L'hommage aux victimes

Restait à rendre un dernier hommage aux victimes. Il eut lieu à la Cathédrale au cours d'obsèques nationales le 17 au matin. Sous la grande coupole étaient alignés 87 cercueils posés à même le pavé. En plus de 4 religieuses de Chavagnes il y en avait 3 du Bon Pasteur. La foule remplissait le chœur, le parvis, les tribunes, la place Saint-Pierre, le rempart de Midi, environ 3 000 personnes.

Monseigneur Mégnin, ses vicaires généraux, le Chapitre, le clergé de la ville entouraient M. le Chanoine Autexier qui célébrait. Monsieur le Préfet Daguerre, Monsieur le Maire Pallas, les Autorités Civiles et celles d'occupation étaient au premier rang.

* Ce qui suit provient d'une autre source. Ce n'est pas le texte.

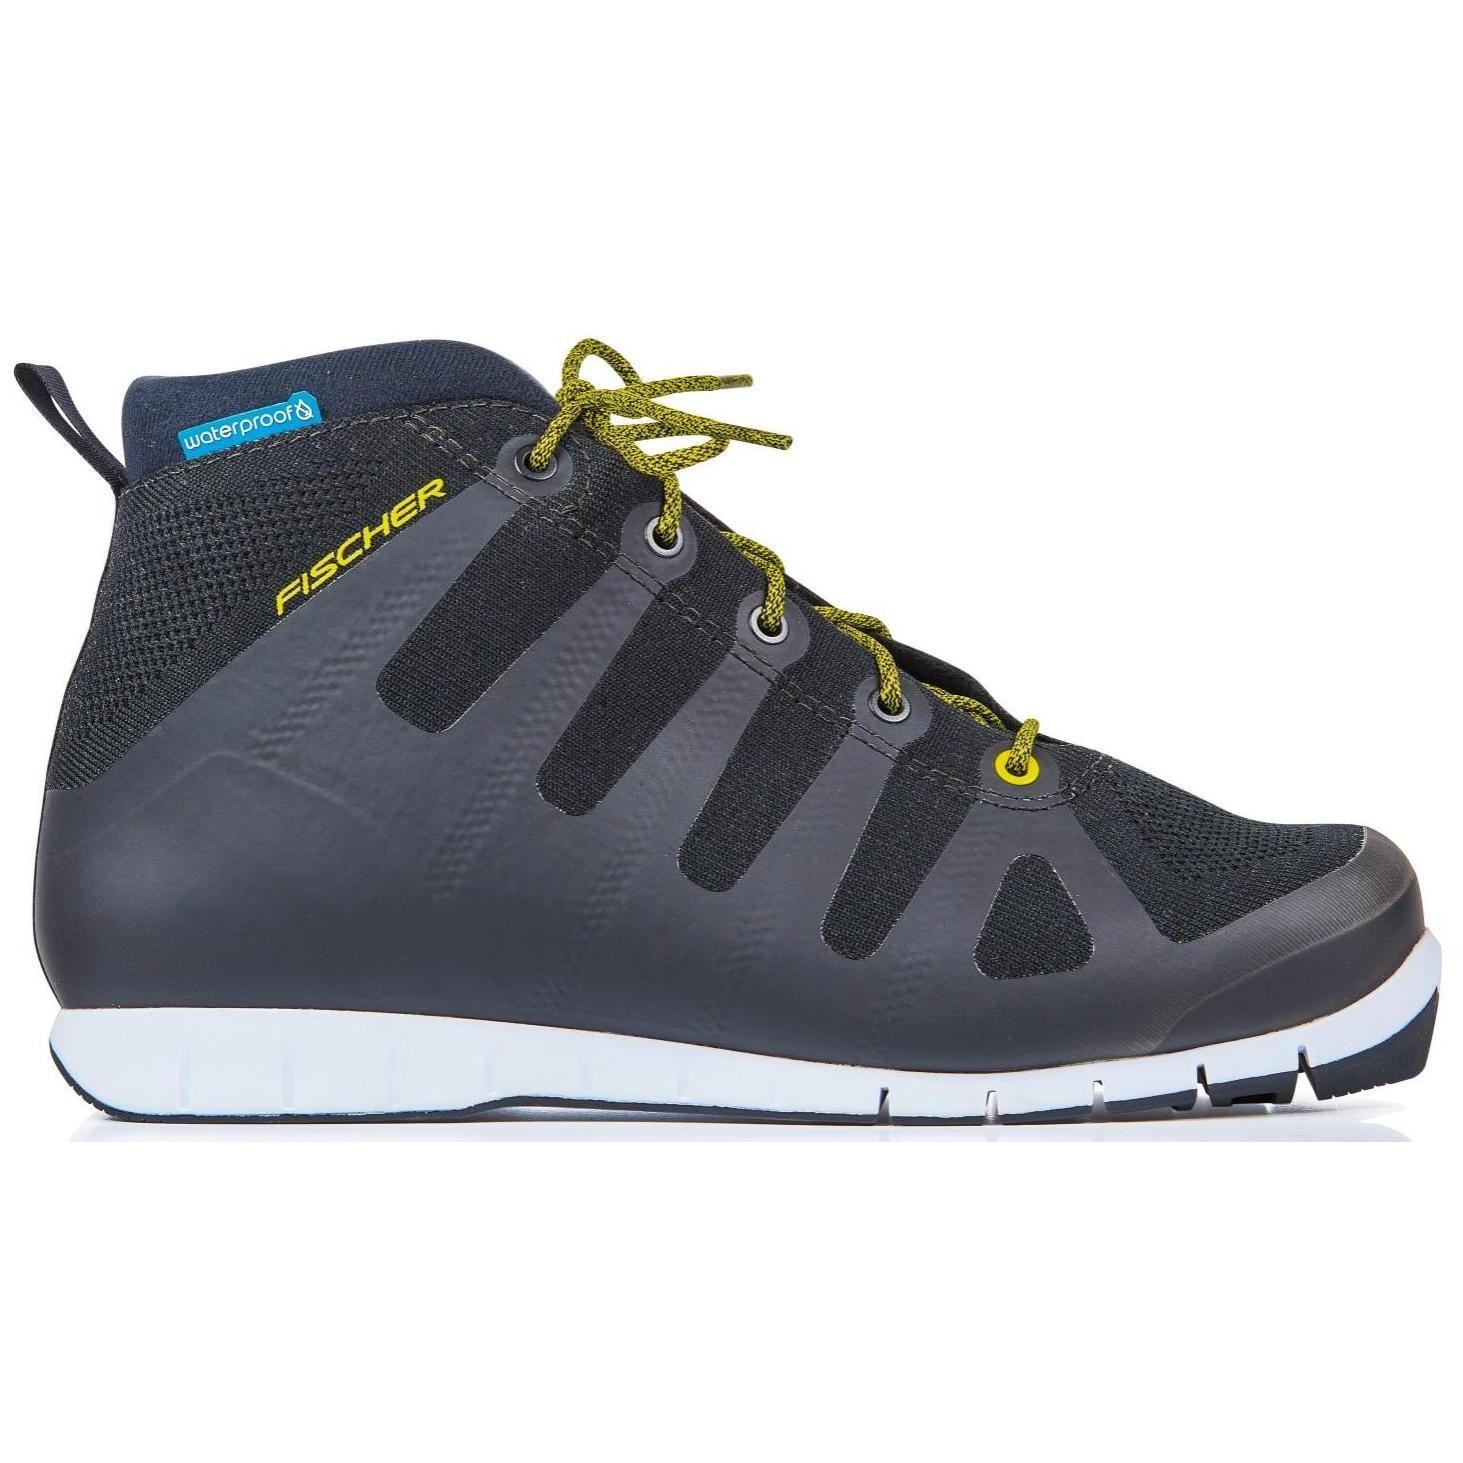 Ботинки для беговых лыж Fischer Urban Sport 2020, black/yellow, 45

Entre temps on avait découvert de nouvelles victimes et le mardi 20 juin, 20 cercueils étaient regroupés dans la cathédrale pour une nouvelle cérémonie non moins grandiose dans sa simplicité.

Le 14 AOÛT

Il était 11 heures lorsque les sirènes déchirèrent l'air de leur sinistre appel. Dans un ciel bleu, sans aucun nuage eut lieu le bombardement de la Madeleine où se trouvait le nœud ferroviaire Angoulême/Paris - Angoulême/Limoges. Les opérations furent plus précises : il y eut 15 morts et 23 blessés.

La Cathédrale accueillit encore 11 cercueils et Saint-Martial 4. Le 31 du mois c'était enfin la libération d'Angoulême.

Un monument situé avenue du Maréchal de Lattre de Tassigny (près de la Grand-Font) a été édifié pour perpétuer la mémoire de toutes ces victimes. Et chaque année, au jour anniversaire du 15 juin, en fin de matinée, il y est fait mémoire de ces moments douloureux, en présence des autorités civiles et militaires."

 

Transmis par M. Jacques Combeau (en 1994).